The fine-grained image is first analyzed intuitively. As can be seen from fig. 3, 4 and 5, for a particular fine-grained class, it can be observed that large variations within the class (pose, angle, etc.) can be mitigated by a reduction in semantic granularity, so learning a finer granularity characterization can reduce the impact of fine-grained intra-class variance. In addition, it can be seen from fig. 3, 4 and 5 that different granularity information is synergistic for birds in the figures, and learning the characteristics of the beak can help learn the head characteristics of the birds, and learning the head characteristics of the birds can also help learn the overall characteristics of the birds.

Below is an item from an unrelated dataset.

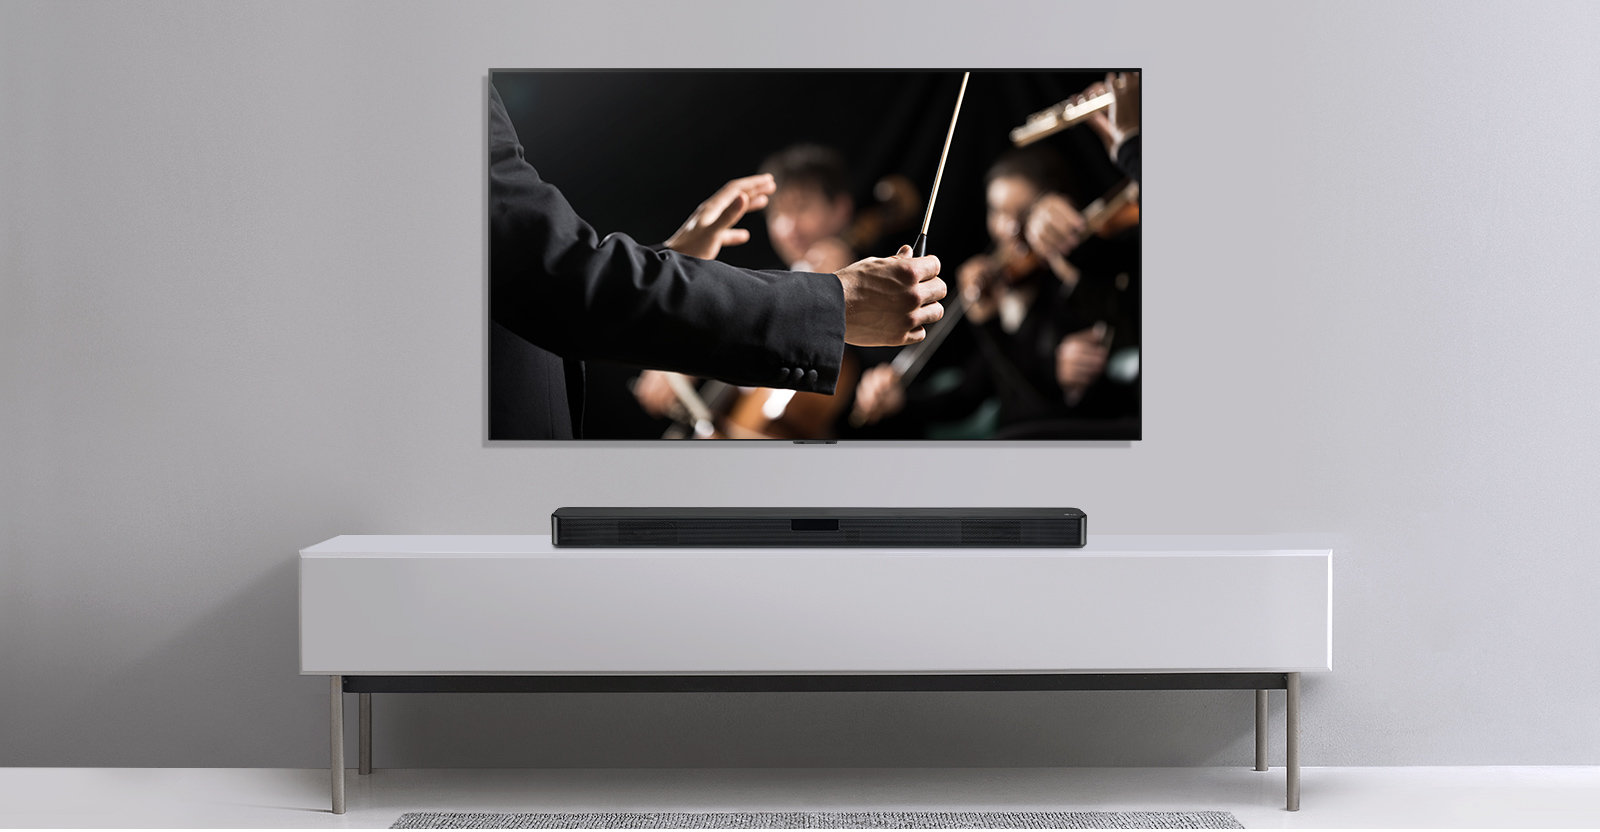 Soundbar LG SN4 300W Czarny widok od przodu, stojący pod telewizorem

For fine-grained images, since the difference between categories is typically some fine area, care needs to be taken to accurately distinguish between fine local areas. Inspired by the human perception system to identify the disturbed picture by distinguishing the local area, a simple and effective method is designed in the embodiment of the invention to force the network model to pay attention to the local area, namely, fine-grained images are cut, so that image blocks with different granularity information are generated, the order of the image blocks is disturbed in a manner similar to a jigsaw so as to obtain the image blocks with different granularity characteristics, and the disturbed image blocks are recombined into a new image, as shown in fig. 6 and 7.

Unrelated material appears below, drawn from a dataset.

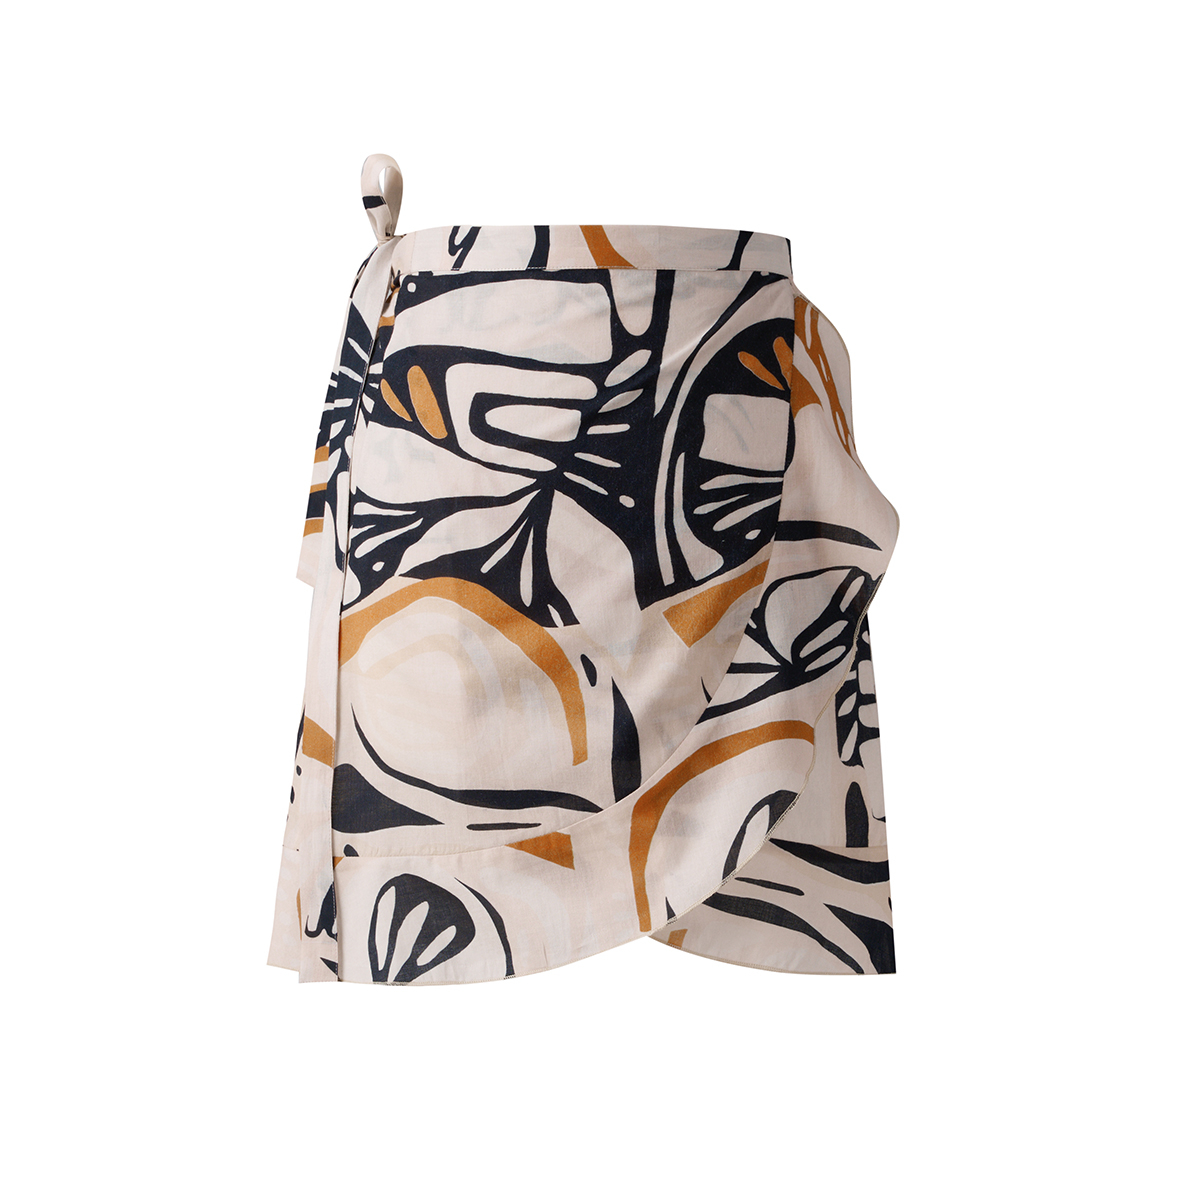 Παρεό – Φούστα (100×45) Kentia Loft Skirt 242

Specifically, a given image I is input by first dividing the image into N sub-regions, denoted as I _h,v 1.ltoreq.h, v.ltoreq.N, h and v representing indices in the width-height direction, respectively, and then scrambling each sub-region and sorting themFused into a new image P. The super parameter N controls the generation of image blocks of information having different granularity. By the method, global information of the image can be broken, but local information of the image is reserved, the network model is forced to pay attention to local features of the image in the training process, and identification accuracy is improved.

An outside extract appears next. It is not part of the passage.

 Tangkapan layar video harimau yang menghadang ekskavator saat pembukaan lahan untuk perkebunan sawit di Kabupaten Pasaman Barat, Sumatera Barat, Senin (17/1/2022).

In this embodiment, the process in step (1) may be referred to as global information interference, that is, by disturbing global information of an image, local information with different granularity is retained, so that images with different granularity information are generated, and fine-grained images are identified based on information with different granularity levels. The training process is consistent with the implementation of the recognition process.

Alternatively, step (2) may be implemented by:

Specifically, the pre-training of the label-free fine-grained image can be performed by two methods which cooperate with each other, and then the fine-grained image is identified by utilizing an identification model obtained by training.

Namely global information interference and progressive multi-granularity fusion learning. The progressive multi-granularity fusion learning method adopts a progressive learning mode, learns information of different granularity levels in stages and forces a network to fuse the multi-granularity information.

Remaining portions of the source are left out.